Start complex, then simplify. Write all seven elements first, get it working, then see which can be removed. If removing one doesn’t hurt results, you really don’t need it.

Common Pitfalls

Common Pitfalls vs Best Practices

Writing rules too abstractly. “Answer professionally” — what does that mean? Better to write “use industry terminology,” “avoid colloquialisms,” “cite specific data.”

Too few examples is another common issue. One example isn’t enough — at least two, covering common cases and edge cases.

Not giving an “I don’t know” exit. When AI doesn’t know, it will make things up. Give it an out: “If uncertain, say you need to verify.”

Vague format requirements. “Output in JSON” isn’t enough — specify what fields, what types each field should be.

Finally, forgetting to remind about immediate task. At the end of a long prompt, adding one line “Now answer the user’s question” makes a big difference.

Hands-On Practice

Think of a task in your work where you need AI help. Write a prompt using the seven-element framework.

If you get stuck, ask yourself:

  • What role should AI play?
  • What tone should it use?
  • What rules must it follow?
  • Are there examples of good answers?
  • What input data is needed?
  • What output format is required?

Write it, run it, see results. Not good? Modify, run again. There’s no silver bullet in prompt engineering — it’s continuous trial and error.


What scenario in your work needs complex prompts most? Customer service Q&A? Document analysis? Code review?
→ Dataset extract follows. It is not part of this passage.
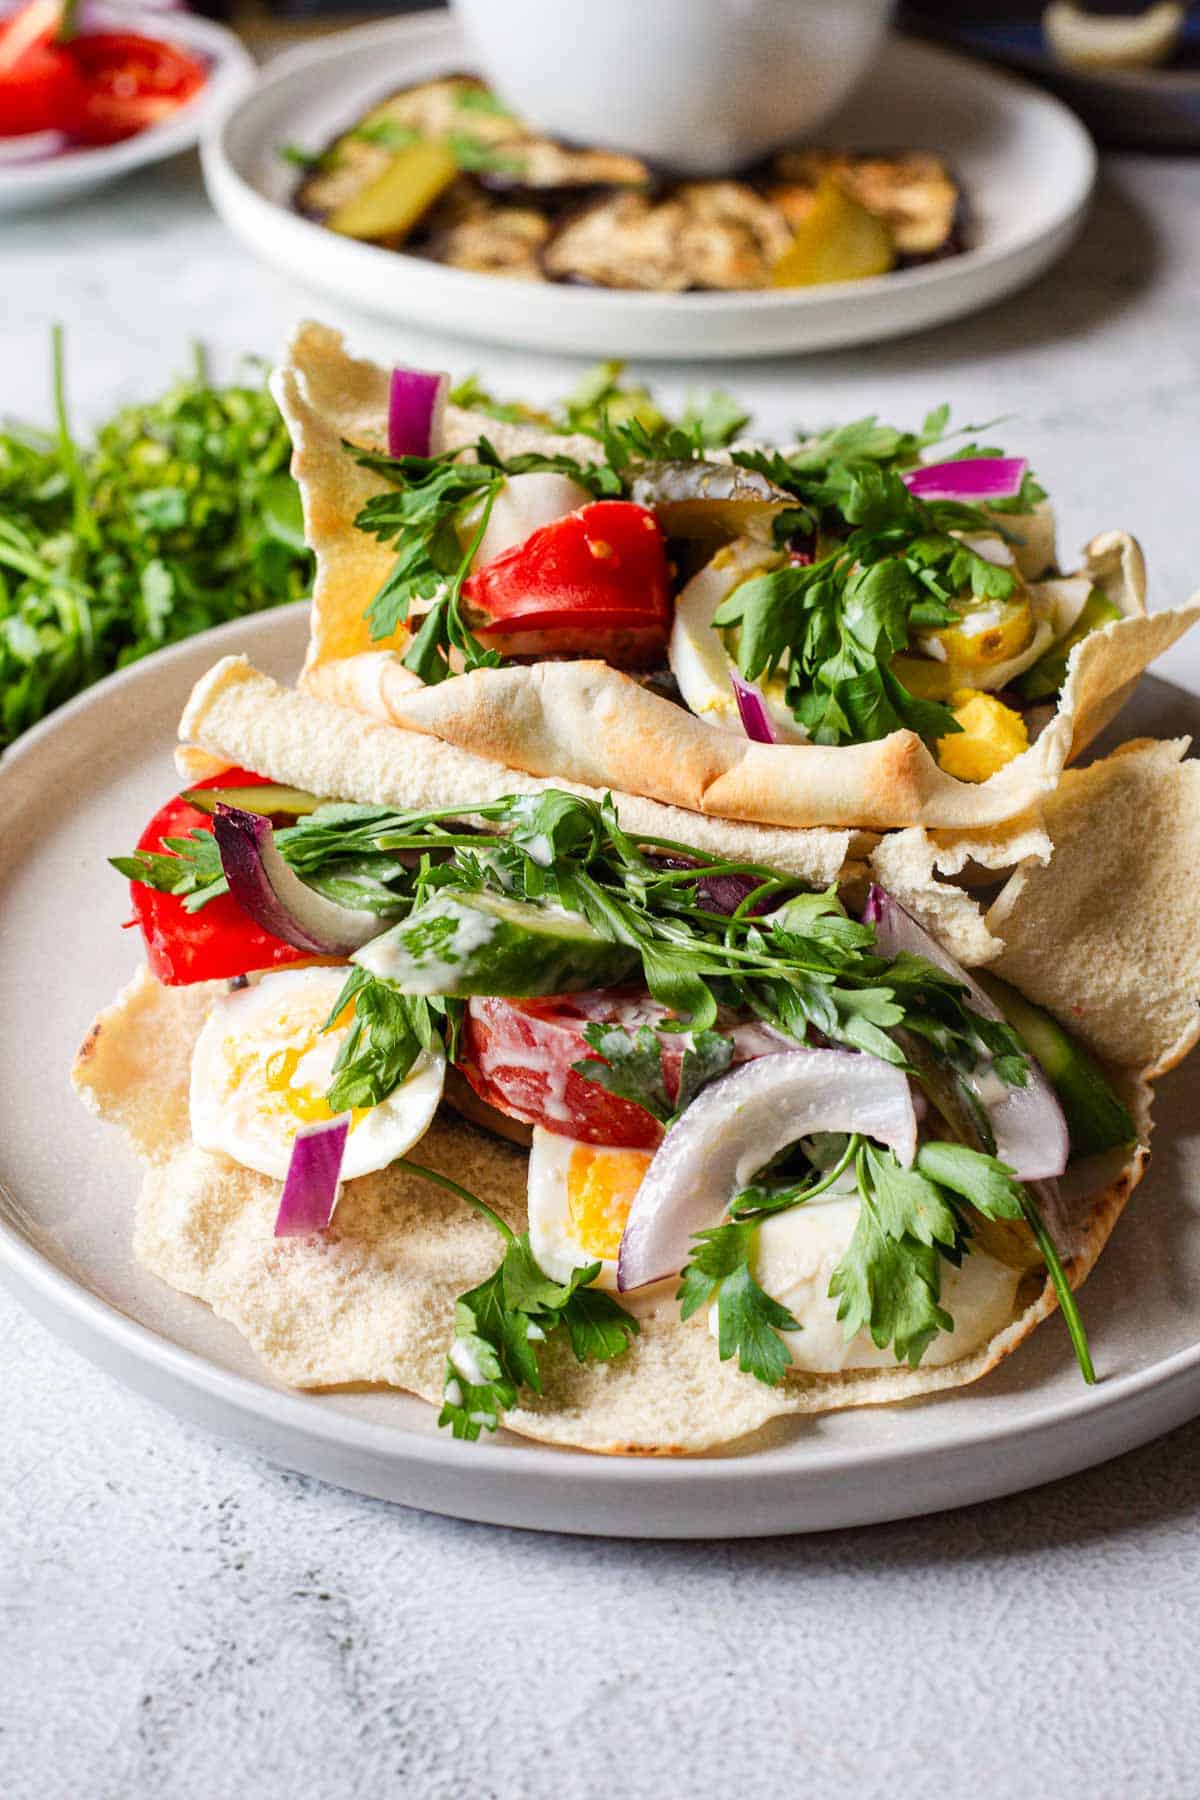 A plate of pita bread with vegetables and eggs on it.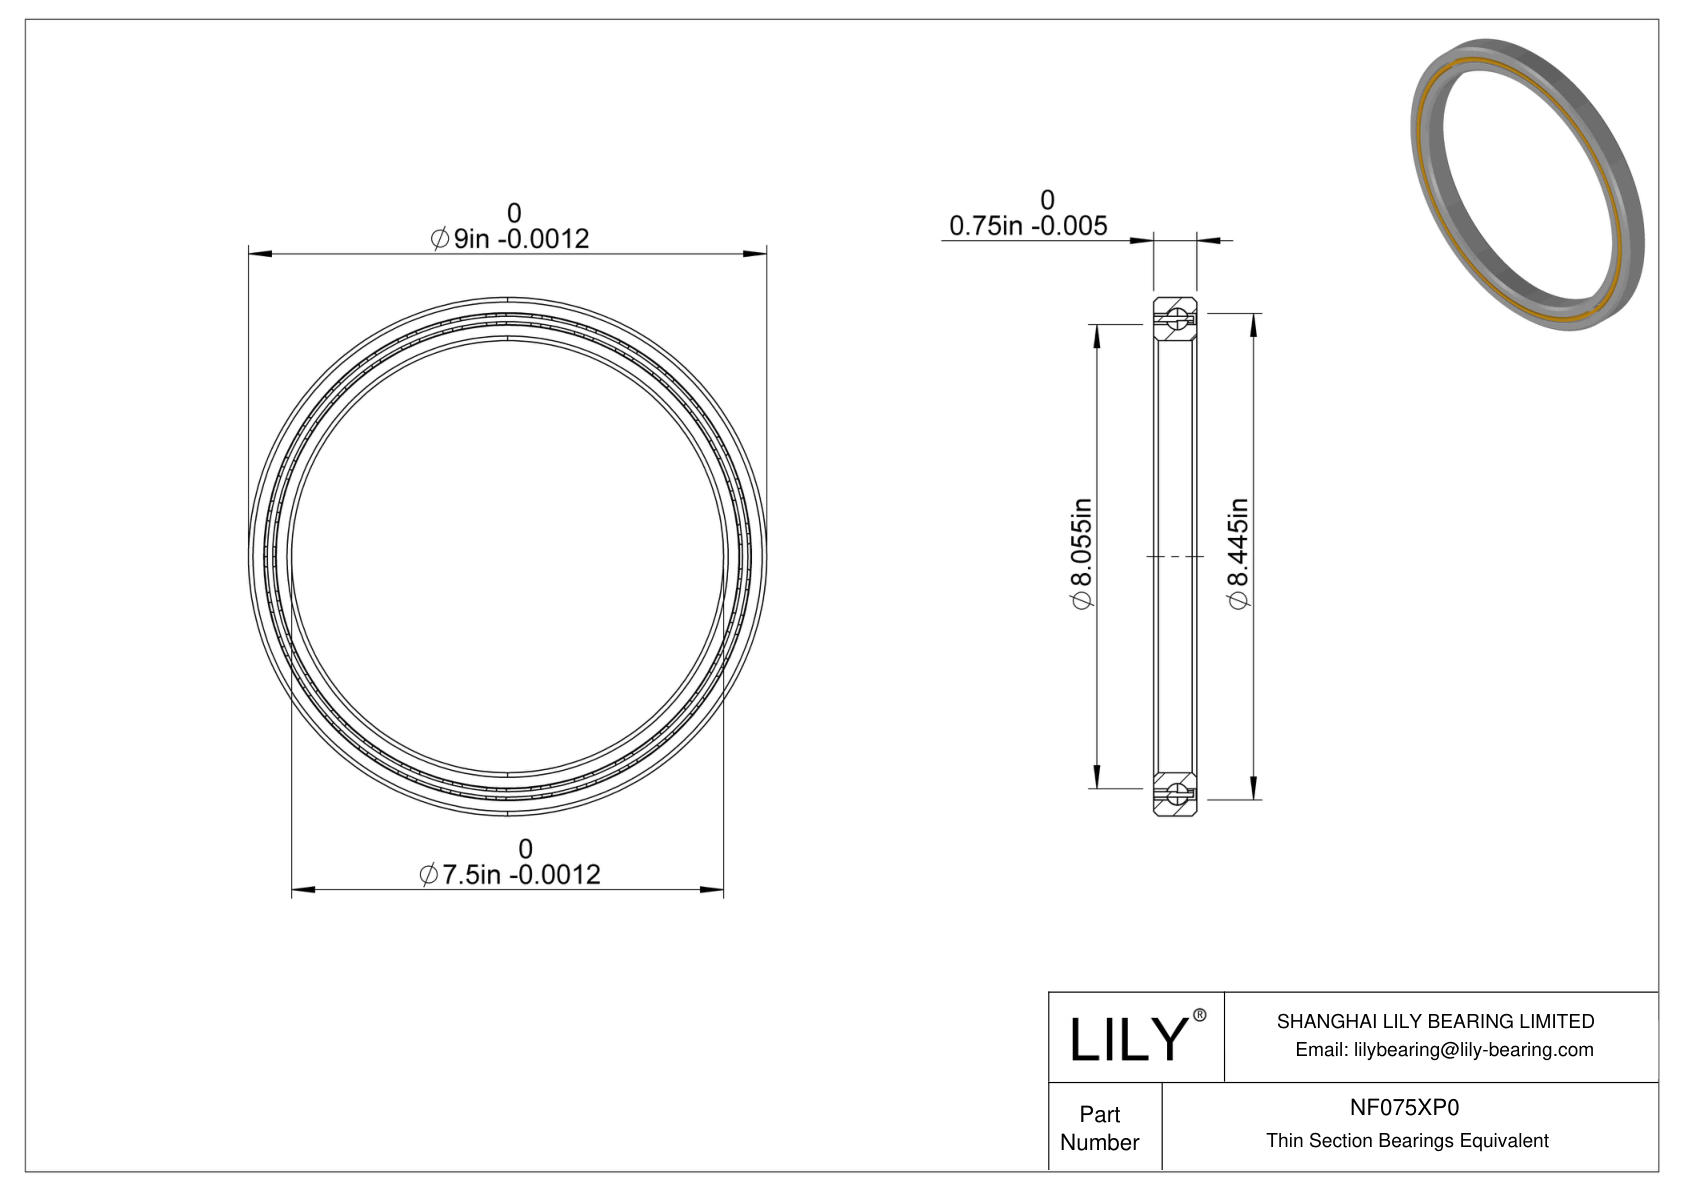 NF075XP0 Constant Section (CS) Bearings cad drawing

Share in the comments, I’ll help break down how to design it.

FAQ

Do the seven elements have to be in order?

Not necessarily. Task context first and immediate task last are recommendations. Other elements can be rearranged. The key is testing to see what works.

How many examples should I write?

At least two. More is better, but ensure quality. Bad examples are worse than no examples.

What if the prompt gets too long?

Check if each element is necessary. Remove ones that don’t affect results. Or consider splitting into chain prompts for multi-step processing.

Do complex prompts cost more?

Yes, more tokens mean higher cost. But if it reduces errors and rework, total cost might actually be lower.

Does this framework only work with Claude?

The seven-element framework is universal, applicable to any LLM. But different models may have different sensitivities to element order and format, requiring model-specific tuning.